I doubt different reasonable initialization schemes will have much effect on the quality of your solutions. It is probably good enough to just initialize the weights to be uniform on the interval [-1/sqrt(N), +1/sqrt(N)], where N is the number of incoming connections.

That being said, what DOES tend to make a big difference is pretraining the network weights, either as an RBM or as an autoencoder. This can be helpful even for single hidden layer neural nets, although it is much more essential for deeper nets. You don't mention the architecture you are using, that information would allow a more helpful answer to your question.

There is even a new initialization rule that seems to work well described in this paper: http://www.iro.umontreal.ca/~lisa/publications2/index.php/publications/show/447 The paper also mentions some of the symptoms of bad initialization that I was alluding to above that you can easily check for.
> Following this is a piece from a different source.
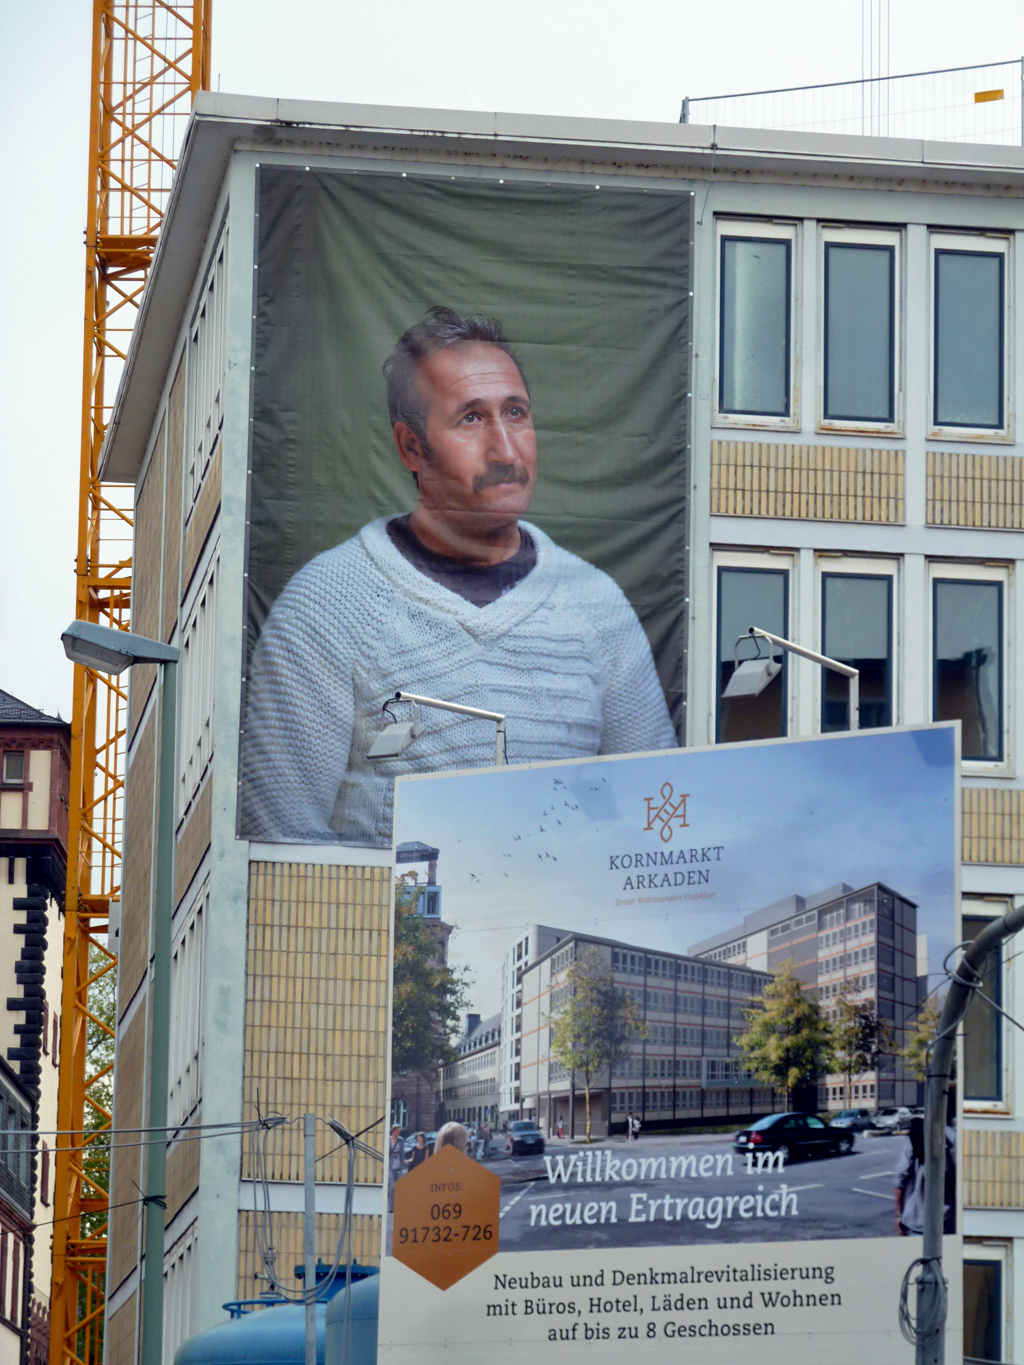 New Citizens - Kunst mit großen Porträts von Flüchtlingen in Frankfurt

To summarize, Uniform on [-1/sqrt(N), +1/sqrt(N)] isn't too bad nor is the one mentioned in the paper I link to. Don't worry about it too much if you use one of those. What is very important is pretraining the weights as an autoencoder (or Restricted Boltzmann Machine), which you should look in to even if you only have a single hidden layer.

If you want to pre-train the weights as an RBM, you could switch to logistic sigmoids and even initialize the weights from a small standard deviation Gaussian without running in to trouble.